#### [What to do]
Reproduce the data exactly as given, except for any images.
---------- Data segment ----------
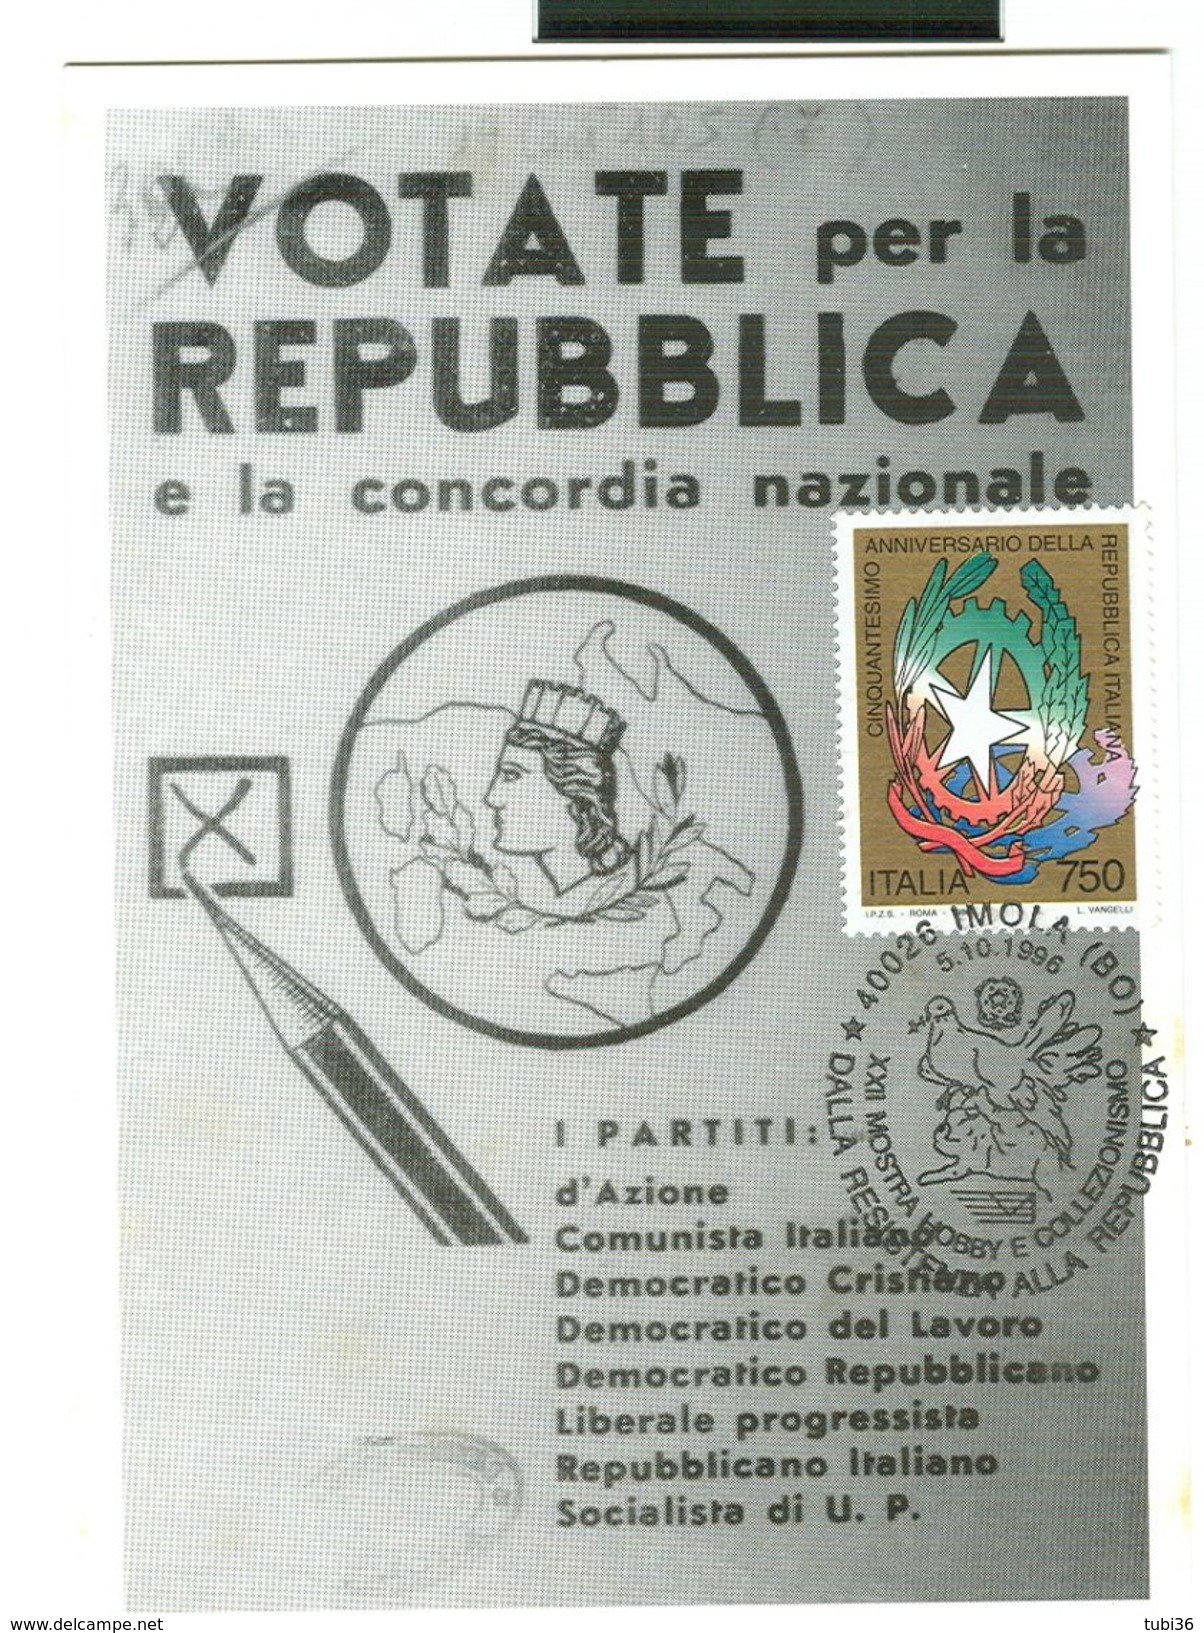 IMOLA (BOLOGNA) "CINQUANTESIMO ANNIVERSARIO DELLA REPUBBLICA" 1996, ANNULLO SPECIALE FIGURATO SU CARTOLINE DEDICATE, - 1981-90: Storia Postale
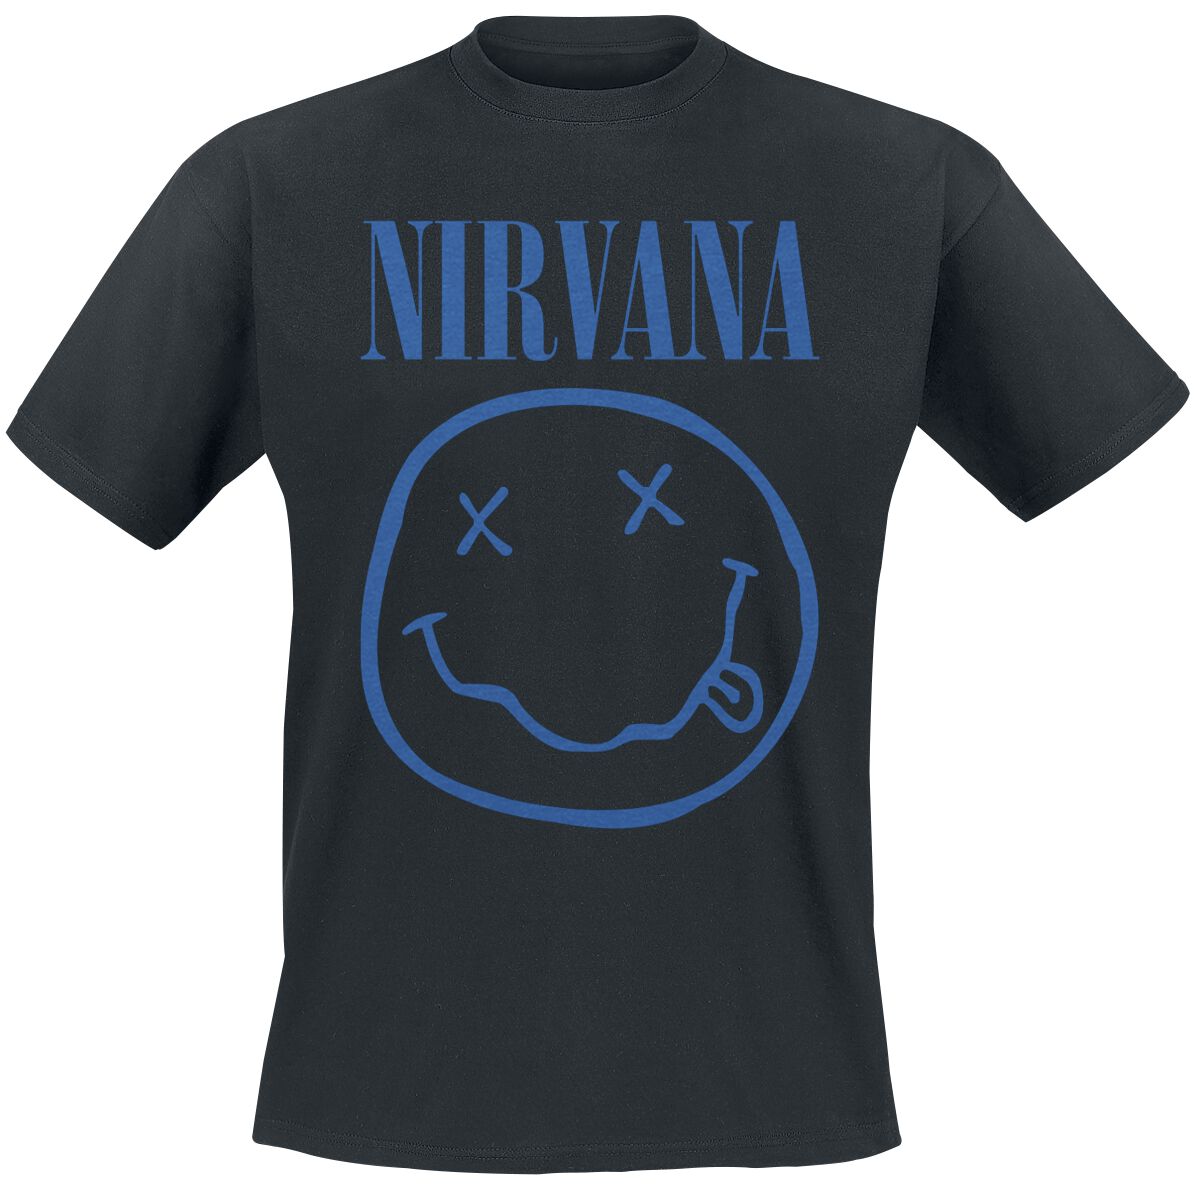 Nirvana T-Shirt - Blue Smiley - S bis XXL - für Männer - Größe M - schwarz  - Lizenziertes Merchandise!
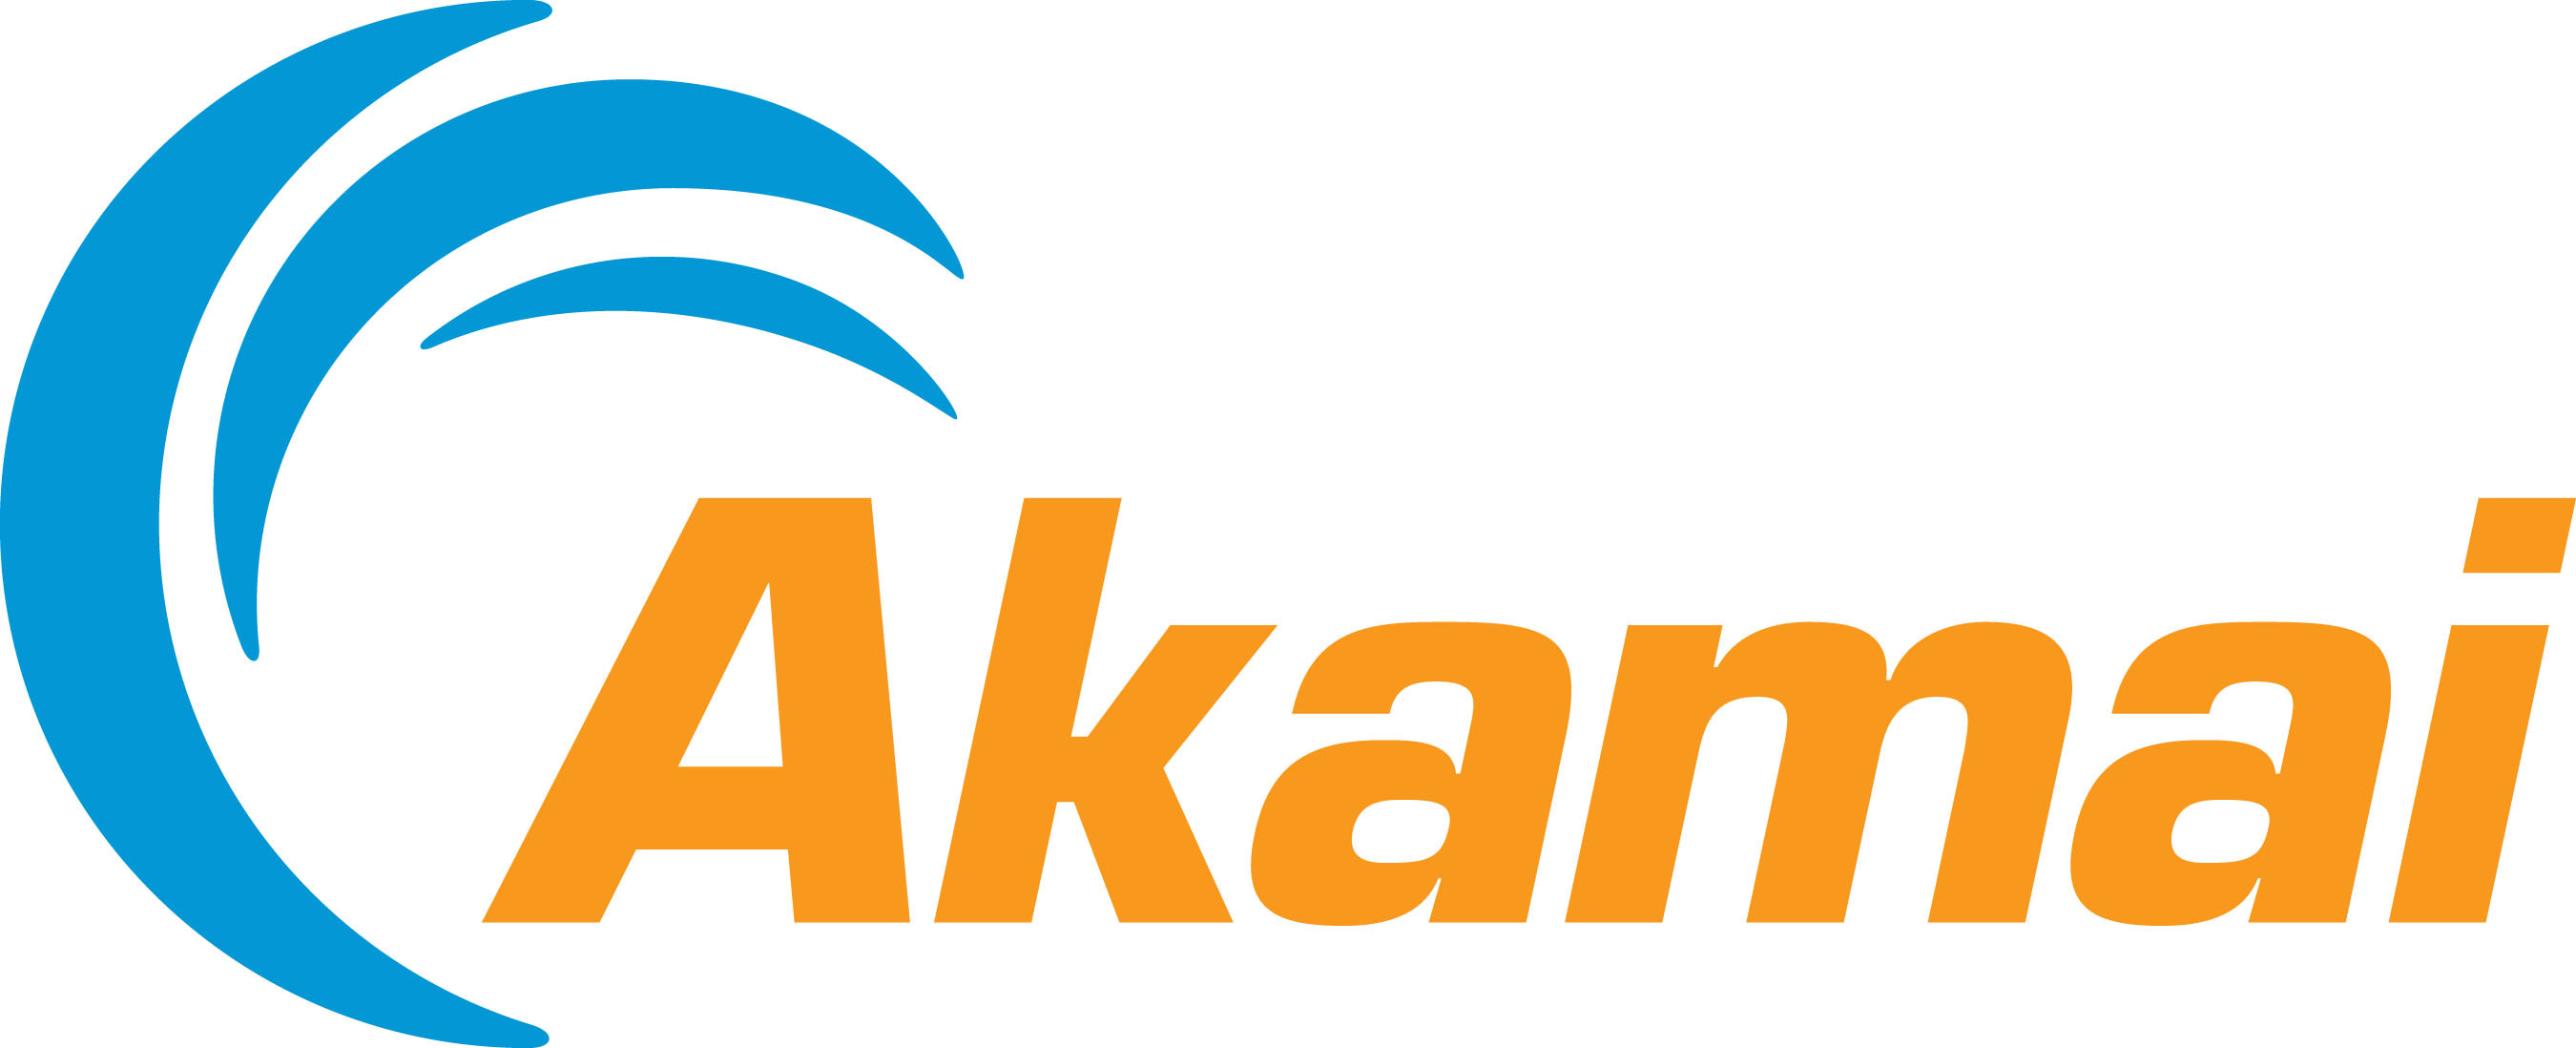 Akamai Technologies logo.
----------
#### [Solution to the problem]
 IMOLA (BOLOGNA) "CINQUANTESIMO ANNIVERSARIO DELLA REPUBBLICA" 1996, ANNULLO SPECIALE FIGURATO SU CARTOLINE DEDICATE, - 1981-90: Storia Postale
 Nirvana T-Shirt - Blue Smiley - S bis XXL - für Männer - Größe M - schwarz  - Lizenziertes Merchandise!
 Akamai Technologies logo.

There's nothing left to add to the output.